Rebecca Sutton Koeser bio photo

Rebecca Sutton Koeser

Lead Developer, The Center for Digital Humanities at Princeton University

Twitter LinkedIn Github ORCID iD Keybase Humanities Commons

Presentations on Avalon, HydraDAM2 for large files, and integrating a large multimedia cultural collection into the larger web with linked data.


Conference session description & abstracts

Let the Music Live: Techniques for Managed Integration of a Unique Multimedia Collection into Public Linked Open Data Repositories

Peter Michael Broadwell, Martin Klein

Presentation Slides

Using a 15-year-old collection of mixed multimedia cultural content as a window into this problem. Has remained largely isolated on the web. A large collection, with both music and a large number of album covers and related media. Not in public domain; orphan works because the music producers/publishers are no longer available, so users outside UCLA only get a 90 second snippet.

More metadata, more problems. Difficult to find authority names for the people in the collection; need to use linked data to make this collection more connected and less of asilo.

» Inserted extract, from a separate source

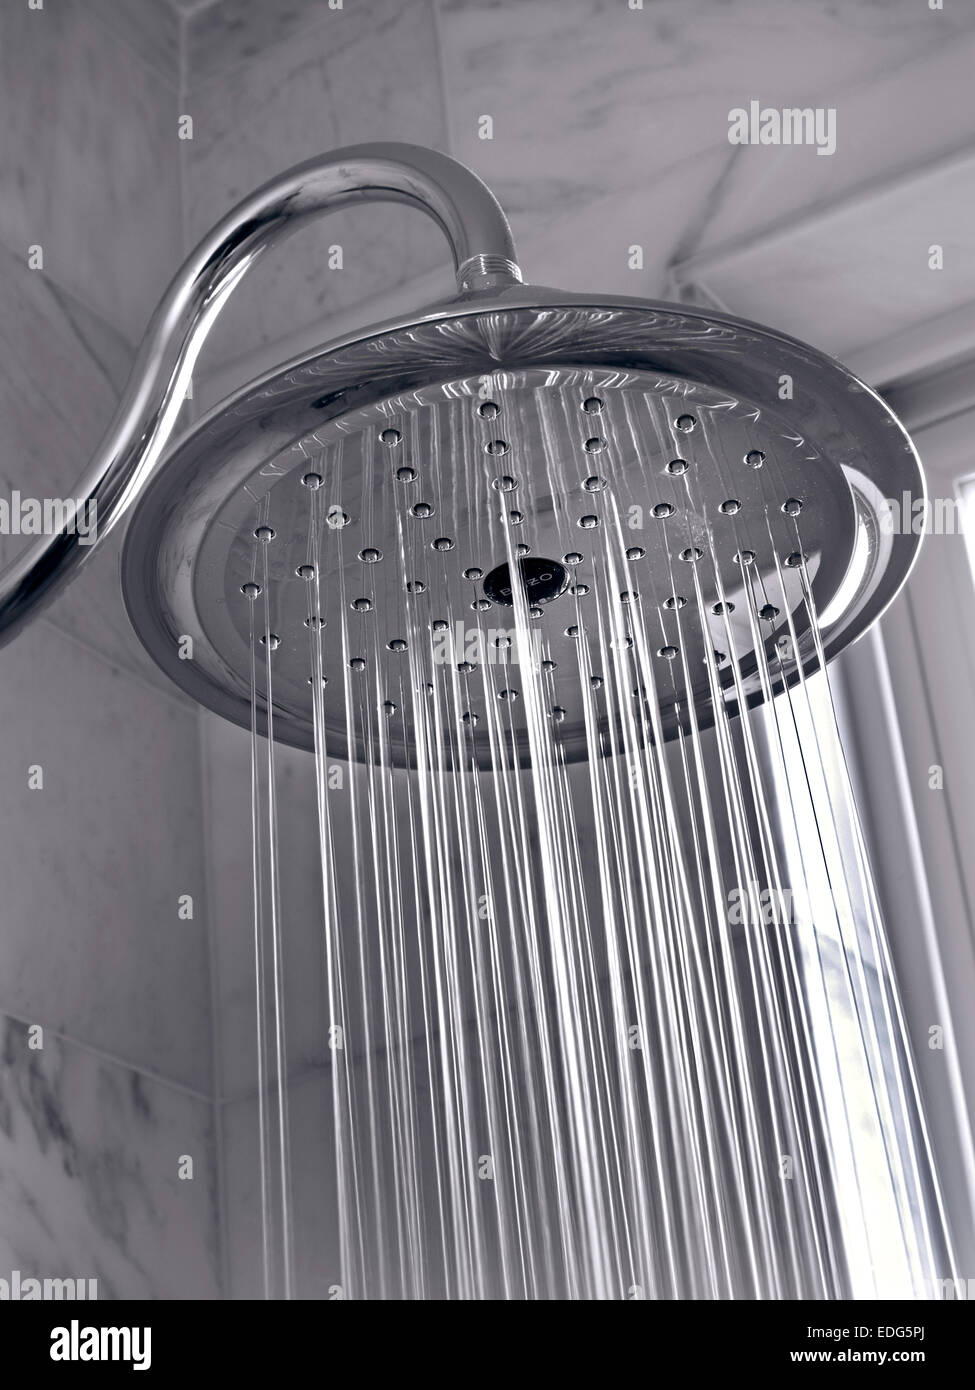 Gran cabezal de ducha tipo lluvia que libera gotas de agua.

Goal: incorporate Frontera into broader semantic web:

  • Adopting metadata structure of open online music encyclopedias (MusicBrainz). If the data is online already, how do you connect to it? And if it isn’t, then how do yuo make it more discoverable?
  • Use unique IDs from linked open data knowledge bases for people, groups, companies, songs, alboms, etc
  • adopting IDs from external LOD sites to link to them
  • automatically disseminating the linked data to other services where it isn’t present already

Inspiration: Linked Jazz, NYPL Labs’ ECCO, LD4L, game-based crowdsourcing

LOD integration, phase 1 - initial metadata cleaning and preparation; need to use tools that scale to huge numbers of items; audio fingerprinting

Phase 2: discovery & linking to existing records - audio lookup in other fingerprinting services, basic search tools like DBpedia, MuscBrainz, VIAF, Discogs, etc.

Phase 3: Contributing/creating new records. Unsolicited bulk record generation may be seen as spam and get rejected; Wikipedia filters on “notable”, which may include some data and not others. Requires direct communication and participation in the knowledge base communities. May be possible to have bots that can upload records (but could also be problematic).

LOD integration - crosswalks between different systems (e.g., MusicBrainz trusts Discogs).

In answer to a question: storing the audio fingerprint data, and hope to eventually contribute it back to the larger community.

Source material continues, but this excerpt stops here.